--- DATA FOR PROCESSING ---
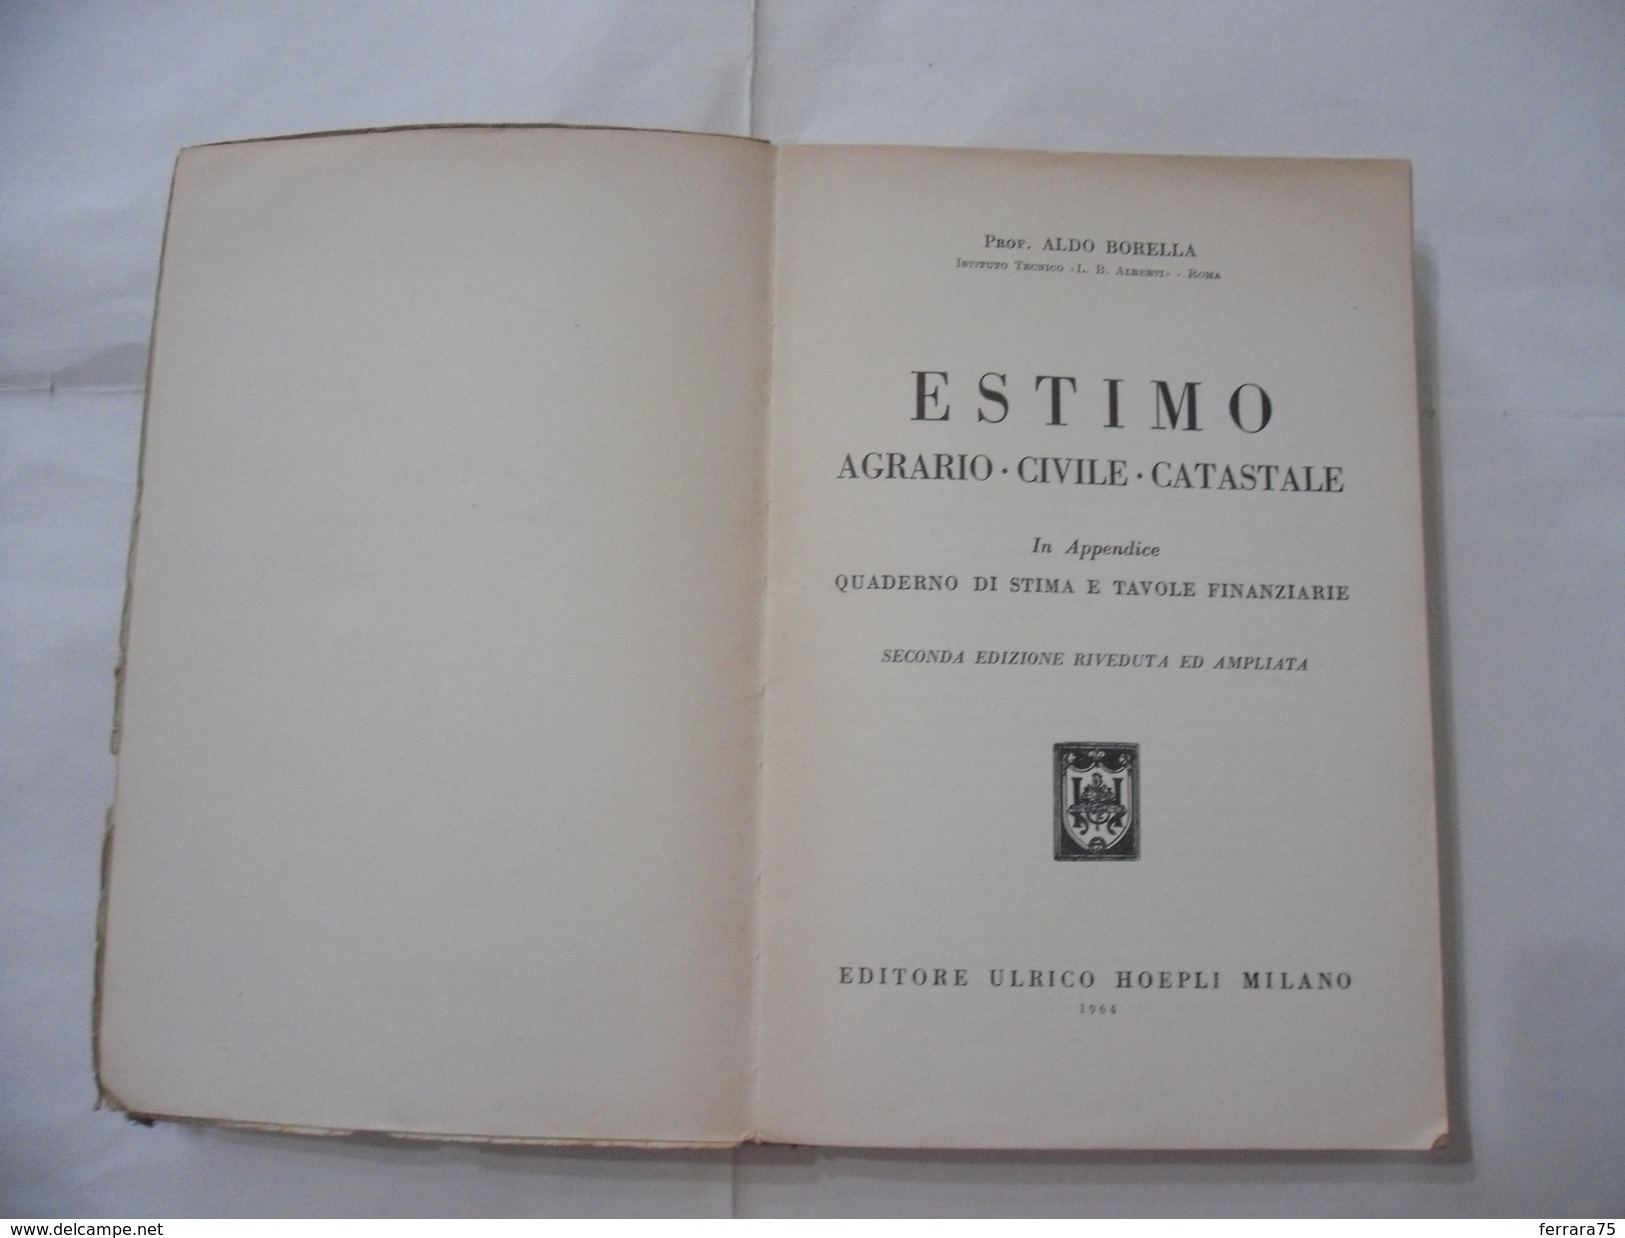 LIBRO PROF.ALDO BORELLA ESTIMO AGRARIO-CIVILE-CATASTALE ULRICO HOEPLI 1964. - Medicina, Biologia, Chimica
---
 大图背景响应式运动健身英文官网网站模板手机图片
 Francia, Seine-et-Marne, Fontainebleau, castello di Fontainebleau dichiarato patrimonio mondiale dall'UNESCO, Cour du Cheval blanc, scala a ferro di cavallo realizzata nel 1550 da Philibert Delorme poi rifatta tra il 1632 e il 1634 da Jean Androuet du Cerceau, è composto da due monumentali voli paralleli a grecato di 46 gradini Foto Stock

--- TASK BRIEF ---
Please transcribe only the lines in the records above running from the line that has "大图背景响应式运动健身英文官网网站模板手机图片" through the line that has "Francia, Seine-et-Marne, Fontainebleau, castello", both included, exactly as they appear.

--- ANSWER BOX ---
 大图背景响应式运动健身英文官网网站模板手机图片
 Francia, Seine-et-Marne, Fontainebleau, castello di Fontainebleau dichiarato patrimonio mondiale dall'UNESCO, Cour du Cheval blanc, scala a ferro di cavallo realizzata nel 1550 da Philibert Delorme poi rifatta tra il 1632 e il 1634 da Jean Androuet du Cerceau, è composto da due monumentali voli paralleli a grecato di 46 gradini Foto Stock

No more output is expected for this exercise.